|Title||:||Analyzing Recursive Task Parallel Programs|
|Speaker||:||Suyash Gupta (IITM)|
|Details||:||Thu, 16 Oct, 2014 2:00 PM @ BSB 361|
|Abstract:||:||Extracting useful parallelism from the ideal in recursive task parallel (RTP) programs is quite challenging. In this work, we present two symbiotic optimizations, designed to optimize RTP programs to reduce the task creation and termination operations. Our first optimization Dynamic Load-Balanced loop Chunking (DLBC) extends the prior work on loop chunking to decide on the number of parallel tasks based on the number of available worker threads, at runtime. The second optimization Aggressive Finish-Elimination (AFE) significantly reduces the dynamic redundant join operations. Further, we discuss the impact of exceptions on our optimizations and extend them to handle RTP programs that may throw exceptions. We present DCAFE (an extension to the X10v2.3 compiler) that performs AFE followed by DLBC.
To test the effectiveness of DCAFE we present a new benchmark suite – IMSuite: IIT Madras benchmark suite for simulating distributed algorithms. IMSuite consists of twelve classical algorithms that help to identify with real-world parallel and distributed applications. The common denominator of these real-world applications are their underlying algorithms; IMSuite algorithms act as a representative subset. We present multiple variations of our kernels, broadly categorized under two heads: (a) varying synchronization primitives (with and without fine grain synchronization primitives); and (b) varying forms of parallelization (data parallel and recursive task parallel). Our characterization covers interesting aspects of parallel and distributed applications such as distribution of remote communication requests, number of synchronization, task creation, task termination and atomic operations. We study the behavior (execution time) of our kernels by varying the problem size, the number of compute threads, and the input configurations. We also present an involved set of input generators and output validators.

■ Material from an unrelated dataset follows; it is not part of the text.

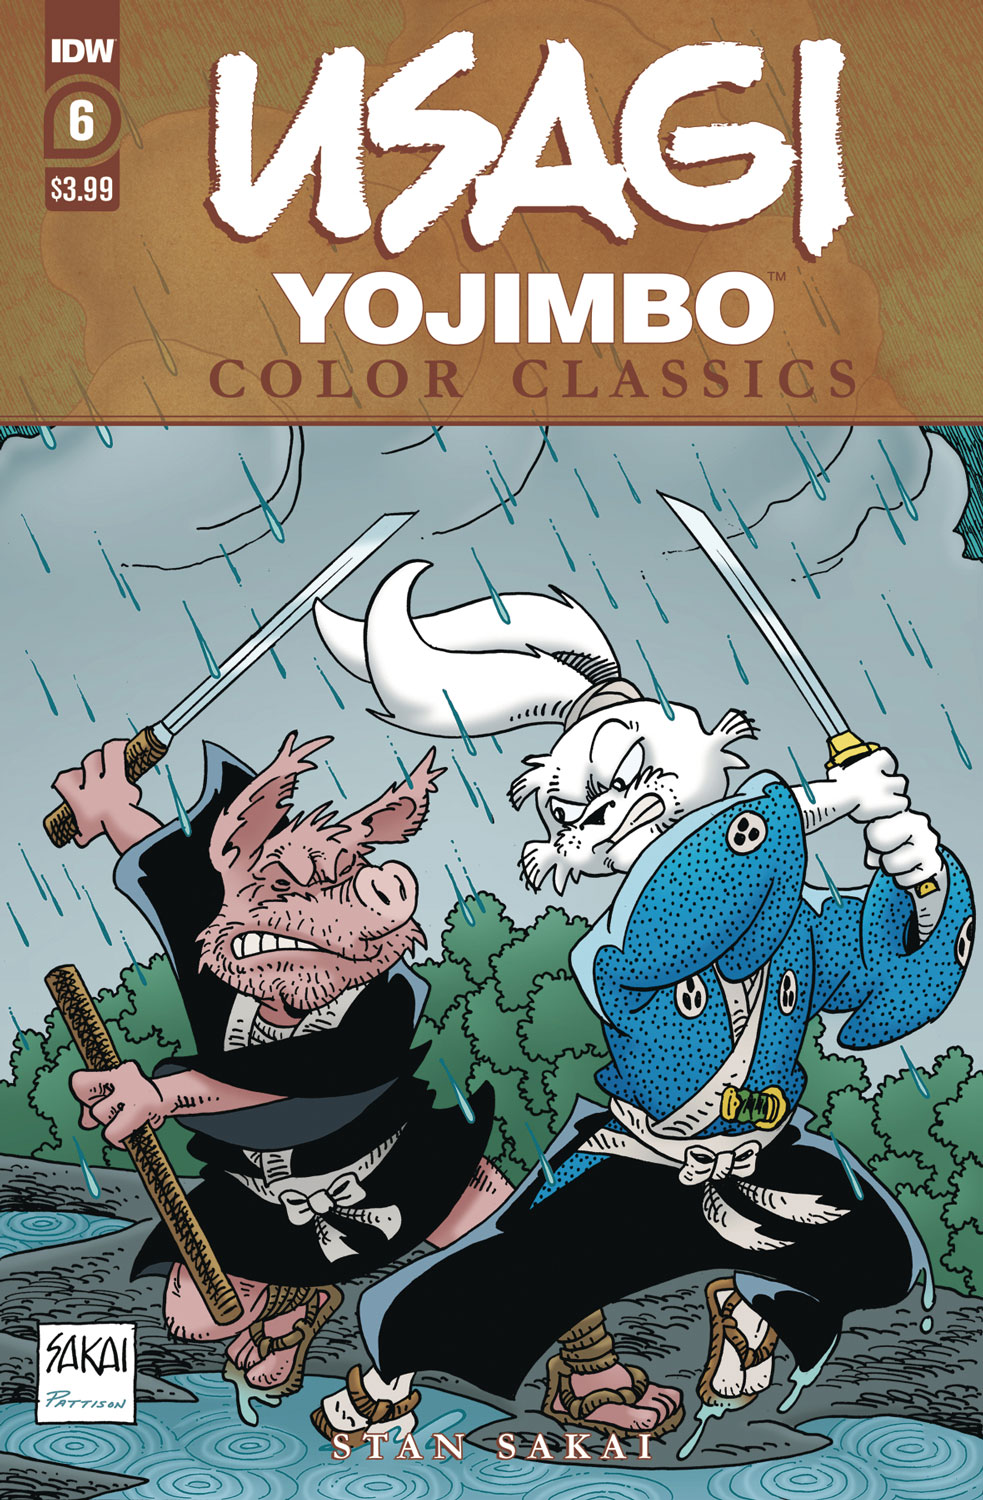 yojimbo wiki

We tested DCAFE over a list of benchmark kernels on two different hardware systems (a 16-core Intel system and a 64-core AMD system). With respect to the base X10 compiler extended with prior work on loop-chunking, DCAFE achieved a geometric mean speed up of 5.75× and 4.16× on the Intel and AMD system, respectively. We also present an evaluation with respect to the energy consumption on the Intel system and show that on average, compared to the LC versions, the DCAFE versions consume 71.2% less energy.